Provided data →
☆ ☆ ☆ ☆

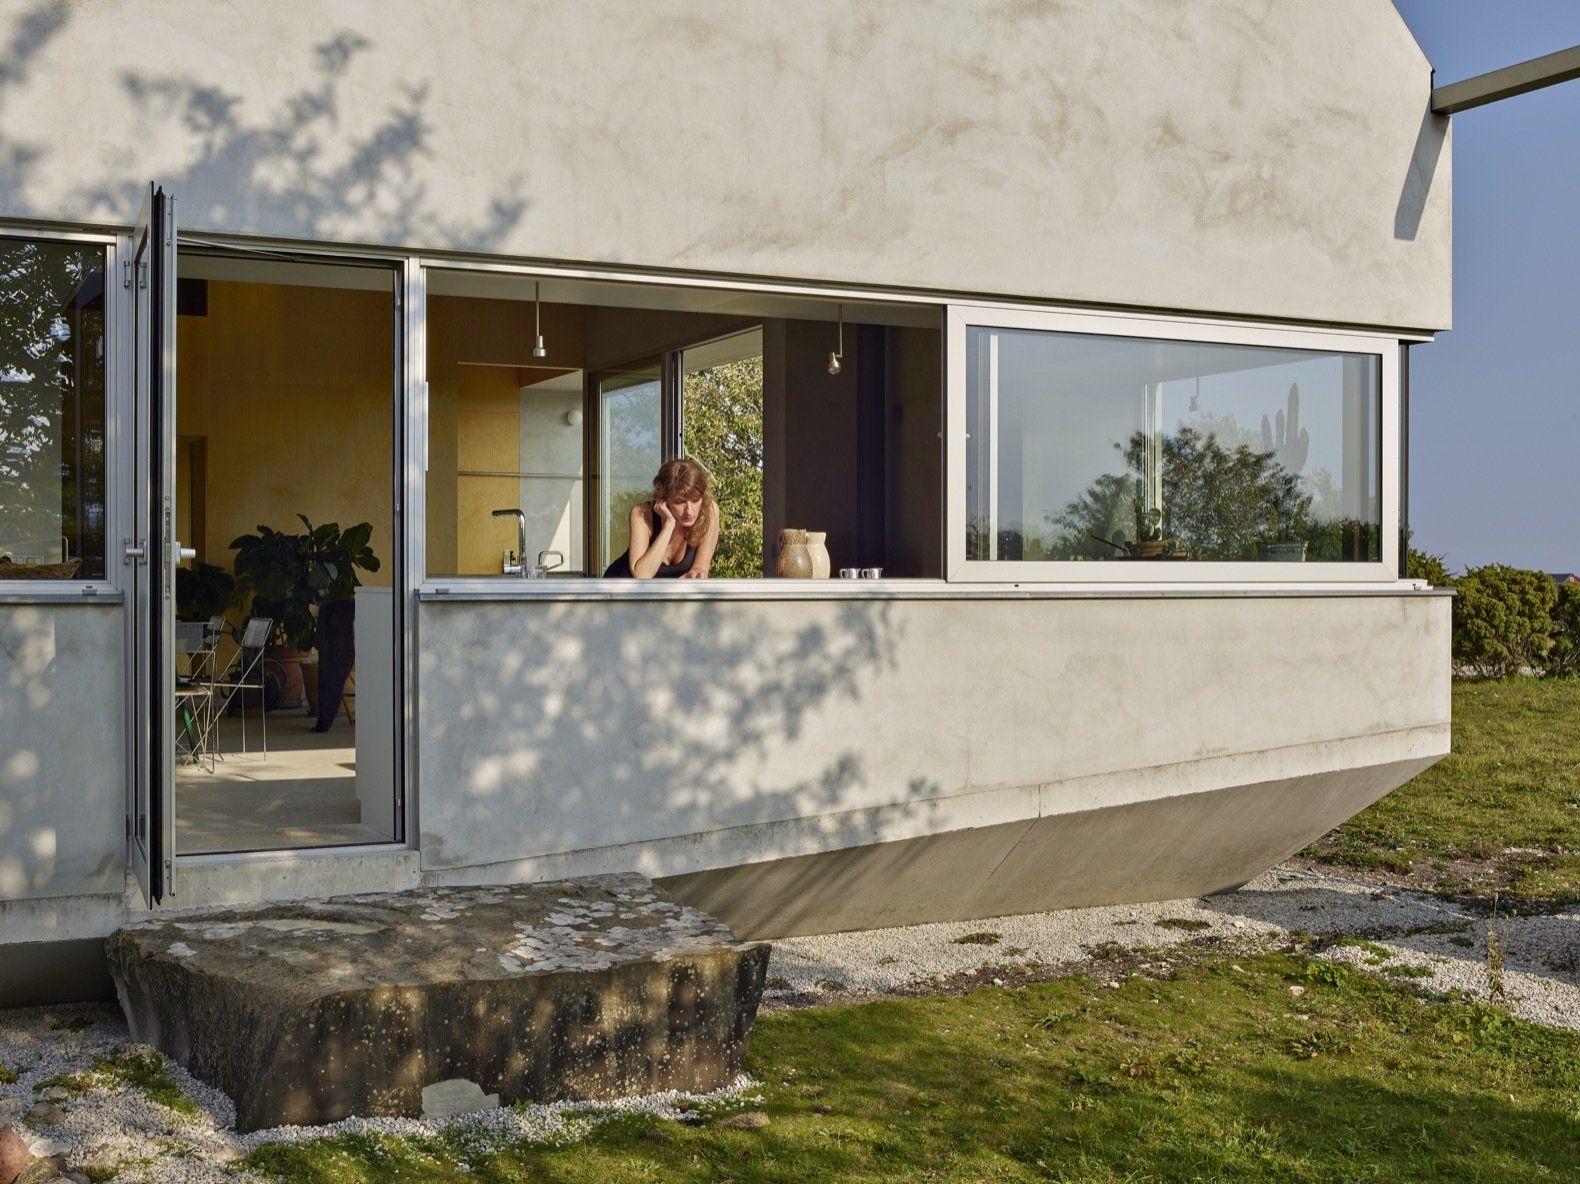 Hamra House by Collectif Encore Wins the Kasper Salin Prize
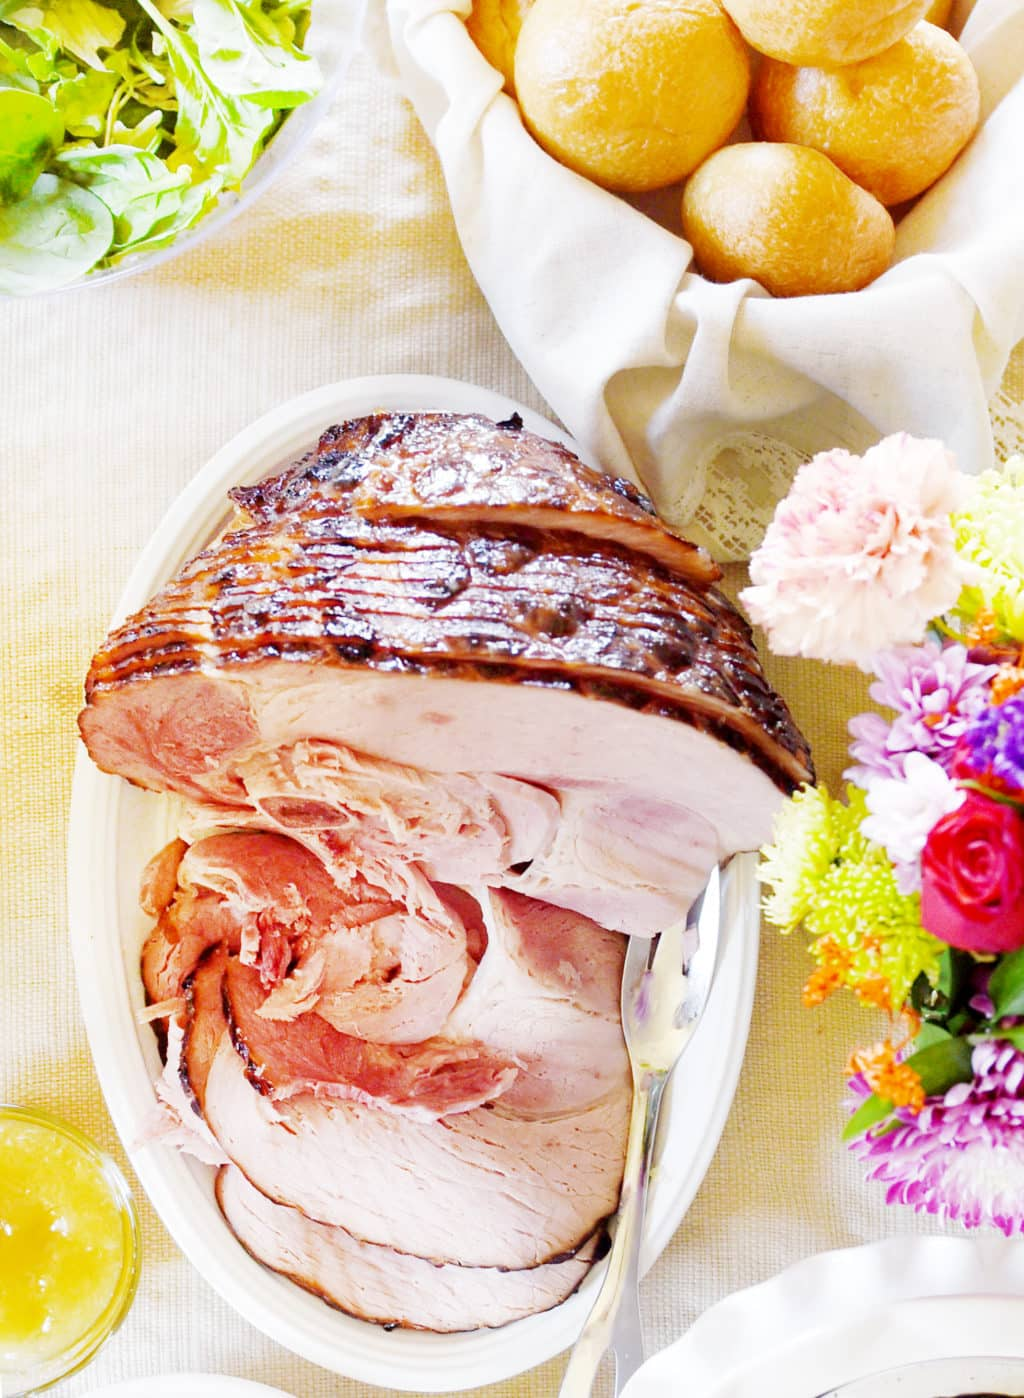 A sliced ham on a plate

☆ ☆ ☆ ☆

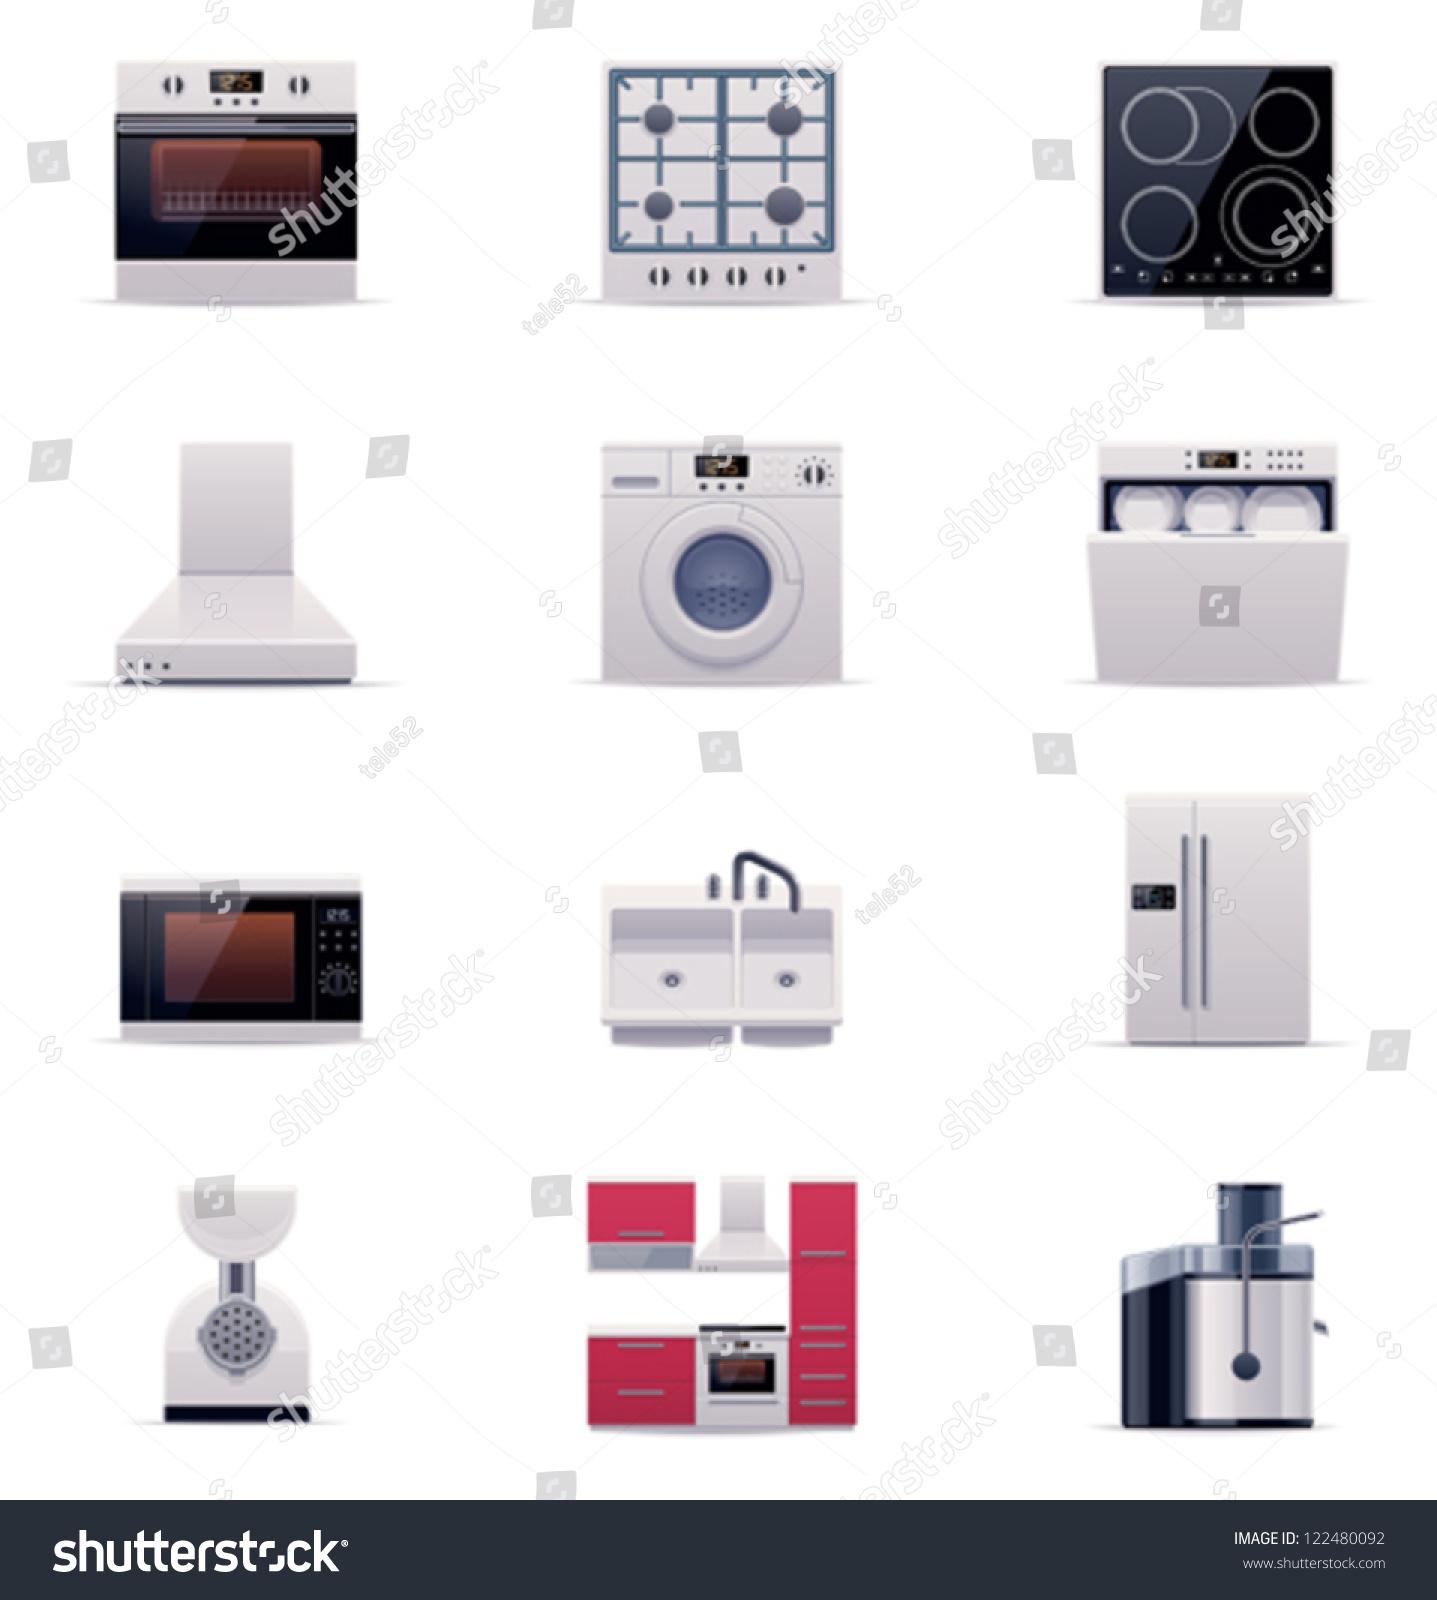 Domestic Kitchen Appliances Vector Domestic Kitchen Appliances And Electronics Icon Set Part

☆ ☆ ☆ ☆

Assignment → In the listing above, find the line with "Hamra House by" and the line with "A sliced ham on a plate". Copy both of them and every line between, exactly, but not the pictures.

Task result →
 Hamra House by Collectif Encore Wins the Kasper Salin Prize
 A sliced ham on a plate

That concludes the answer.